It's on a laptop running Ubuntu 14.04, where the WiFi wlan0 is used to connect to Internet.

And eth0 (RJ45) is set statically in /etc/network/interfaces

auto eth0
iface eth0 inet static

The problem is, there is usually no cable connected to eth0, so at boot the IP address is not set. And when a cable is connected (on a LAN) for a short period of time, the address has to be set

ifdown eth0
ifup eth0

and since the device the laptop connects to does stop and restart, the IP is lost and has to be set again.

That kind of configuration does not seem to fit for a laptop connecting at times to devices, which may reboot etc...

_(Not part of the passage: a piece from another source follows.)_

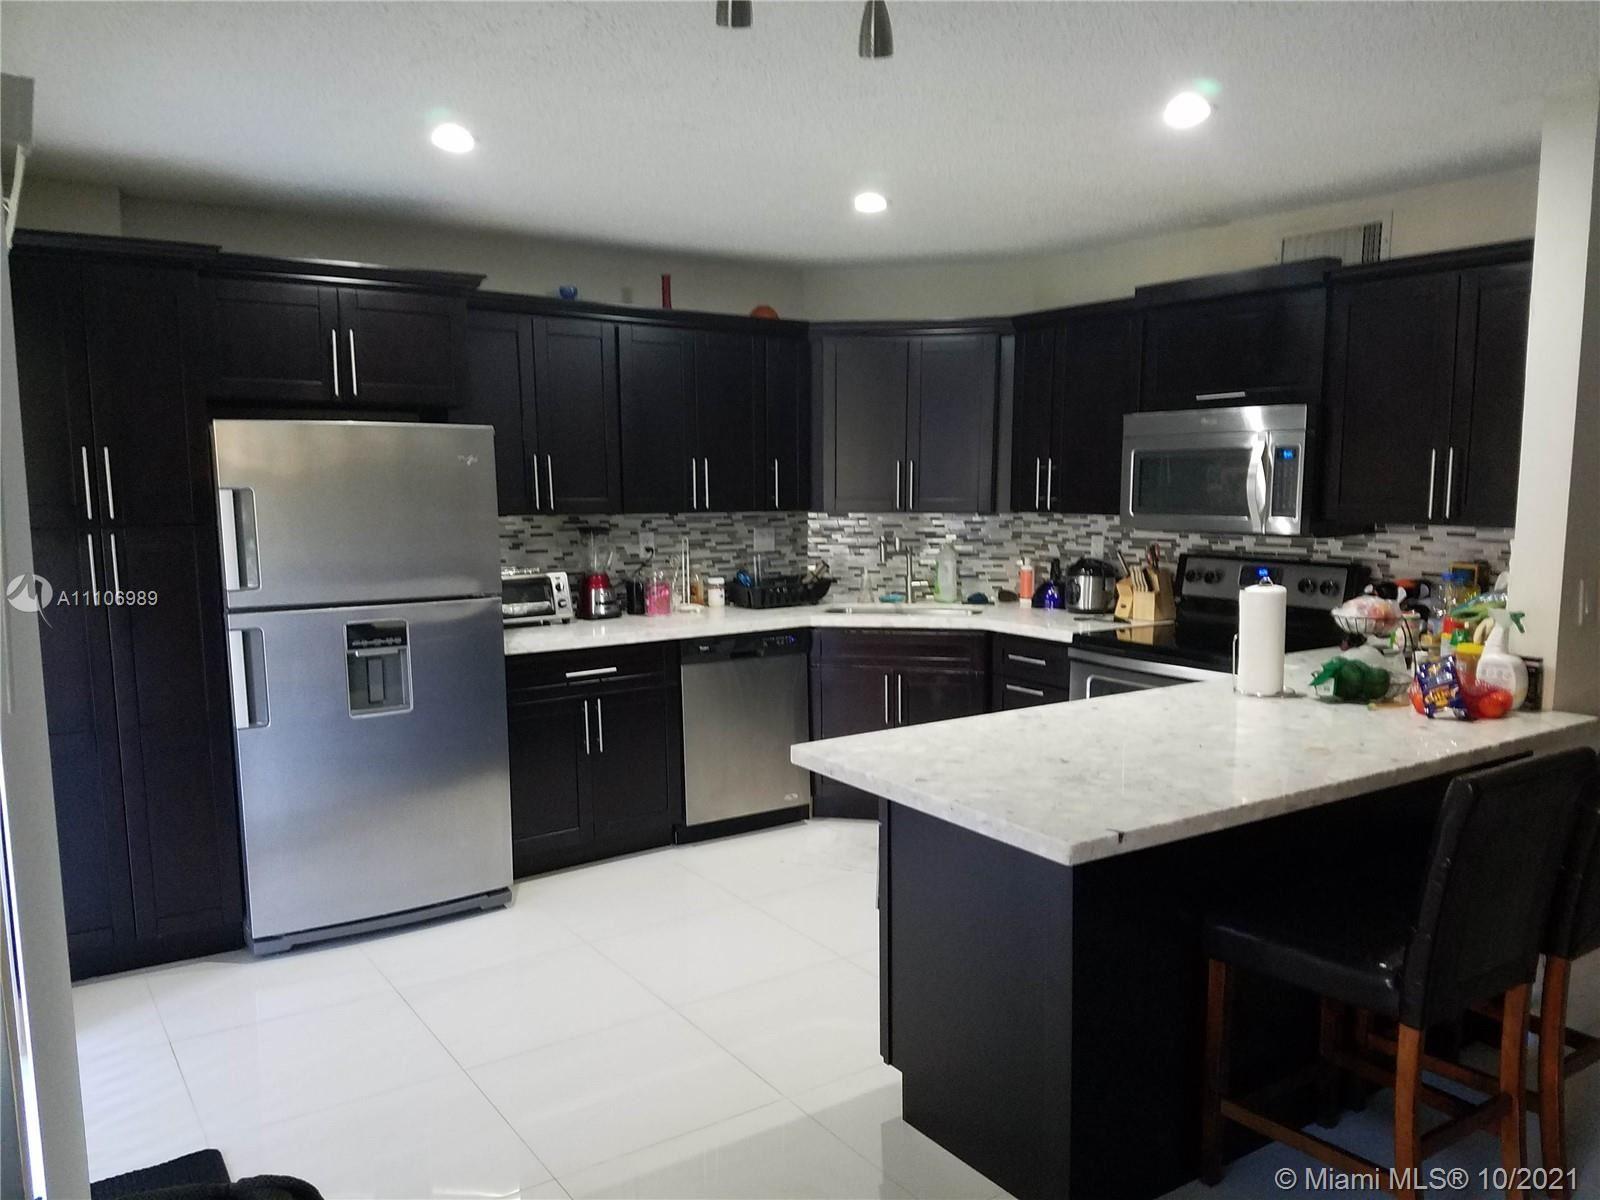 6745 SW 132nd Ave #212, Miami, FL 33183 - #: A11106989

Is there a way to tell the system to keep that IP assigned to eth0, whatever happens, cable disconnections, boot, etc... ?

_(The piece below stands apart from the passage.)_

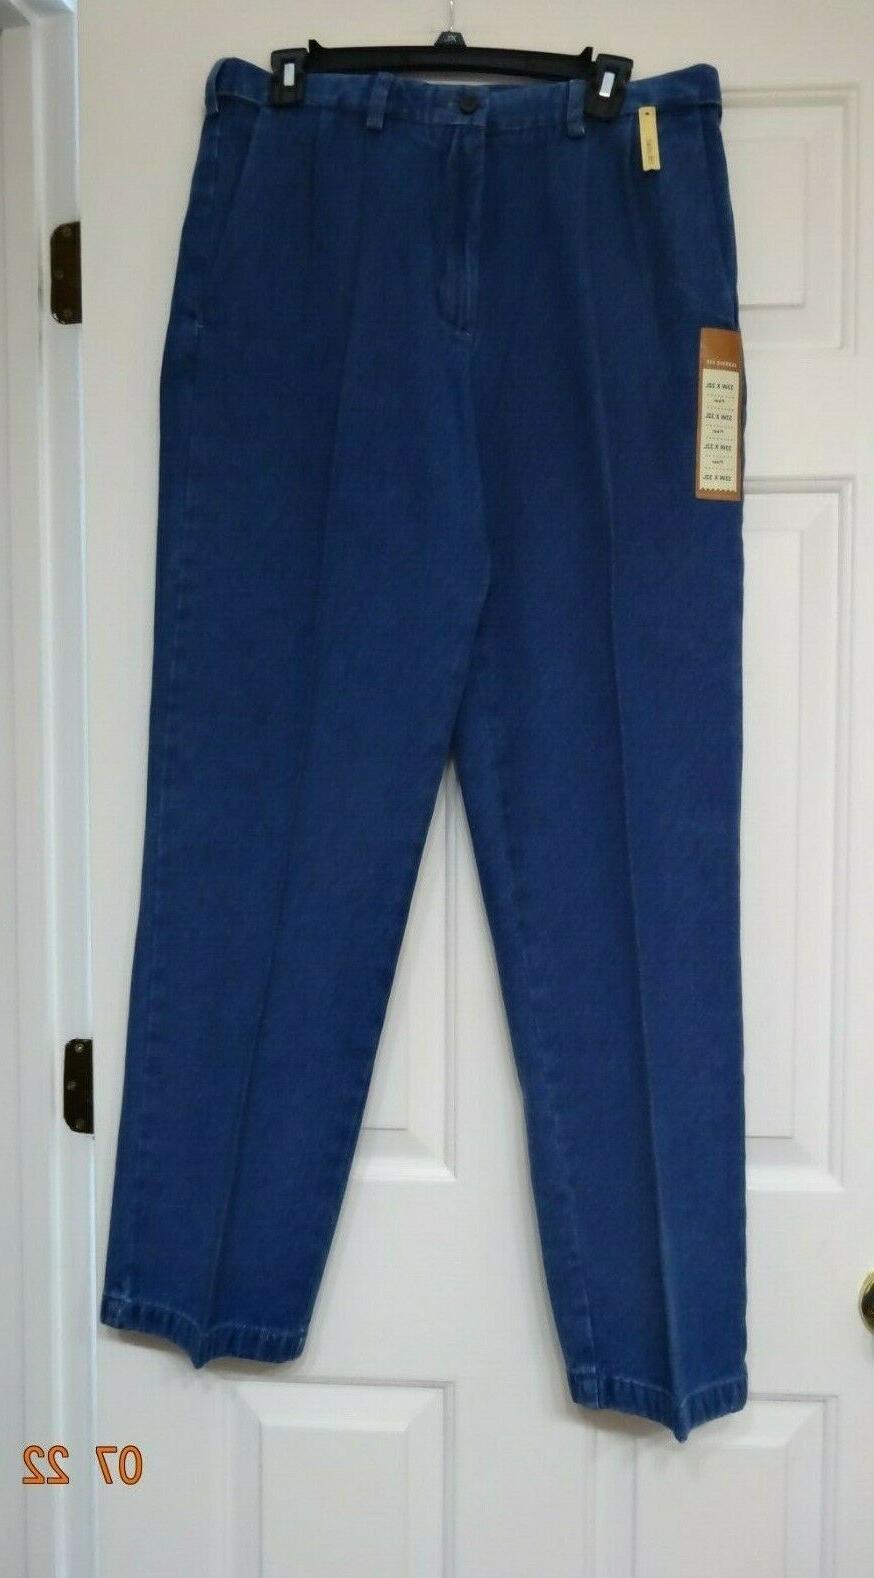 Haggar Comfort Waist Denim Men Jeans Blue Sz 33/32

It seems wicd was the culprit. Once I removed eth0 from its config, the IP address behaved more consistently. It's always ON, on boot, unplugged... I knew the good old interfaces file could be trusted!

  • For this reason (frequent disconnected cables), Network Manager was invented. Any reason why you are not using NM or similar software? Any reason why you actually need this static IP?
    – Lekensteyn
    Jan 22 '15 at 18:41
  • @Lekensteyn NM is incompatible with specific requirements. See edit.
    – Déjà vu
    Jan 22 '15 at 23:46

Try allow-hotplug:

auto eth0
allow-hotplug eth0
iface eth0 inet static

I thought legitimate to answer my own question as, actually, there is nothing wrong with the good old /etc/network/interfaces - ie having interfaces not managed by a high level tool (like network-manager, wicd etc...).

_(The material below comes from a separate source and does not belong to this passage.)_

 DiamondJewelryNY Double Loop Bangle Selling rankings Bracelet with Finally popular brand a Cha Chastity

It appears that, in my case, wicd was having some interface properties that made the link ON of OFF depending on the cable is plugged or not. Being not a wicd specialist (and don't intend to be), wicd was simply apt-get purged from the system.

Without neither Network Manager nor wicd the network behaves without bias (due to, I must confess, my incompetence in these high level tools).

While managing everything manually requires a bit more time, the trade-off is a very reliable and un-surprising network. That's valuable when specific network configurations have to be implemented.